The July 15th TLR, “It’s Congress’s Fault,” decried the pre-Impeachment slide towards an Imperial Presidency, a slide that now appears to be accelerating. During America’s 243-year history, Presidents from time to time have tried to usurp Congress’s Article 1 powers. Two notable examples were the Korean “police action” undertaken by President Truman and the Vietnam War authorized so to speak by President Johnson, both without Congressional approval. Although President Trump hasn’t taken any war-like decisions, he has engaged in a broad range of unilateral actions that challenge the delegation of Article 1 powers to Congress, including most recently by “assuming to himself functions and judgments necessary to the exercise of the ÔÇÿsole Power of Impeachment.’” Congress thus far has been acquiescing in the whittling down of its Article 1 powers and been derelict in its responsibilities to tax and to spend, to borrow, and to protect its other exclusive Article 1 powers from Presidential encroachment.
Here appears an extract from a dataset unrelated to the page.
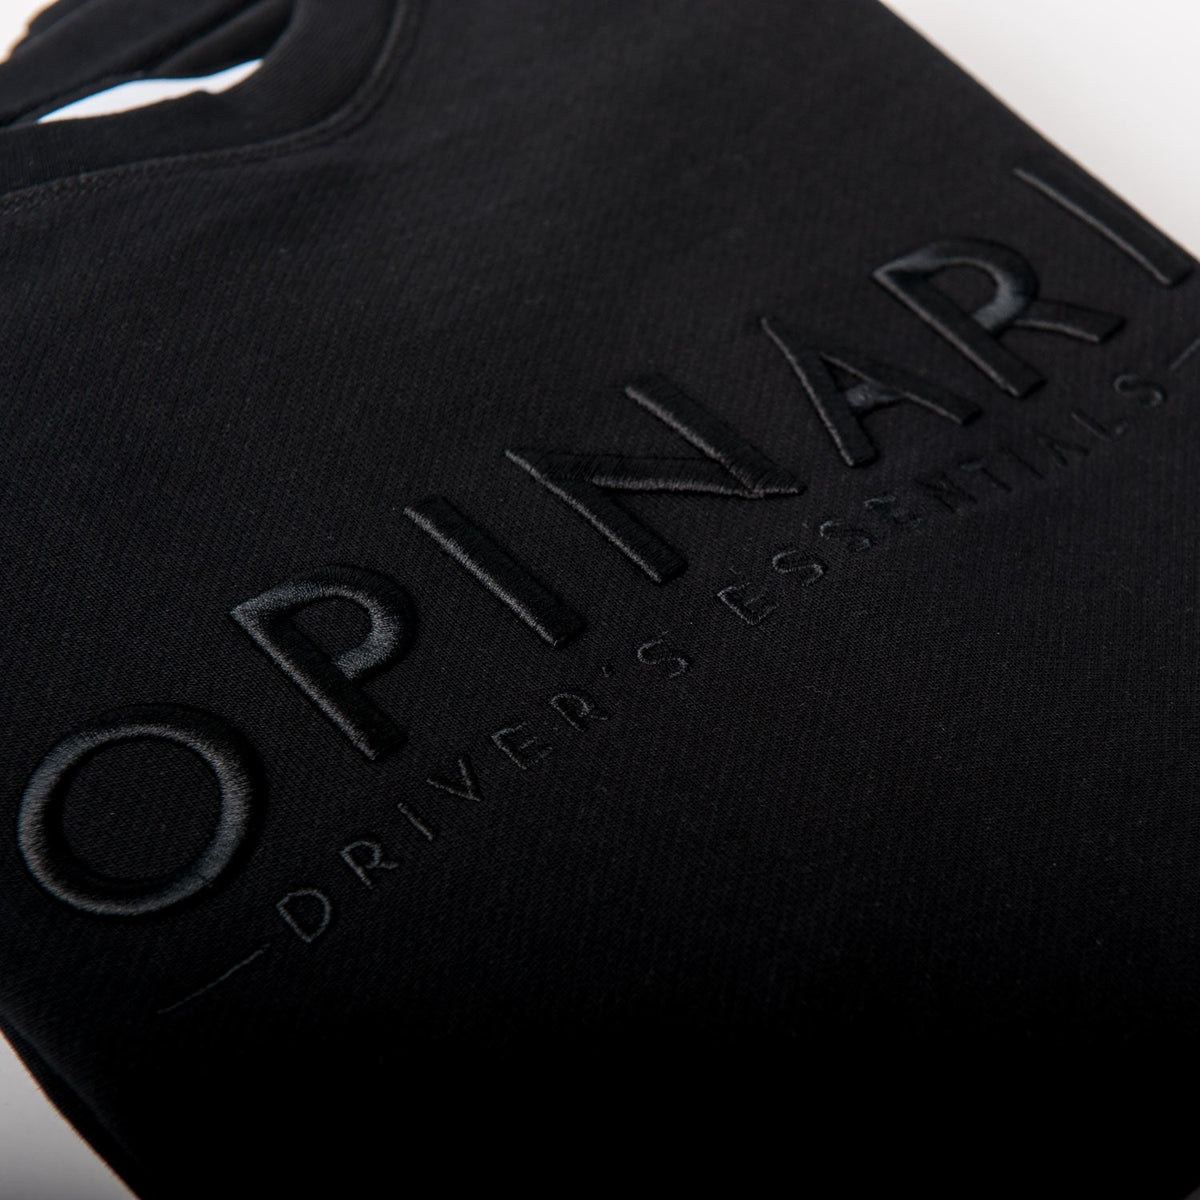 The ultimate Driver's wear: The OPINARI classic Sweat.

To the extent a President’s attempts to arrogate power to the executive branch create adverse consequences for America or Americans, it falls on Congress to exercise its Constitutional authority to restore the balance of power …, which it has not been doing.

That is the task that the Senate is now faced with in the pending impeachment trial of President Trump. Imperial power is something sought by virtually all politicians in all countries. President Trump’s actions represent the rule, not the exception. The quest for unlimited Presidential power therefore will not end with this President …, and that’s something that should be troublesome to all Americans.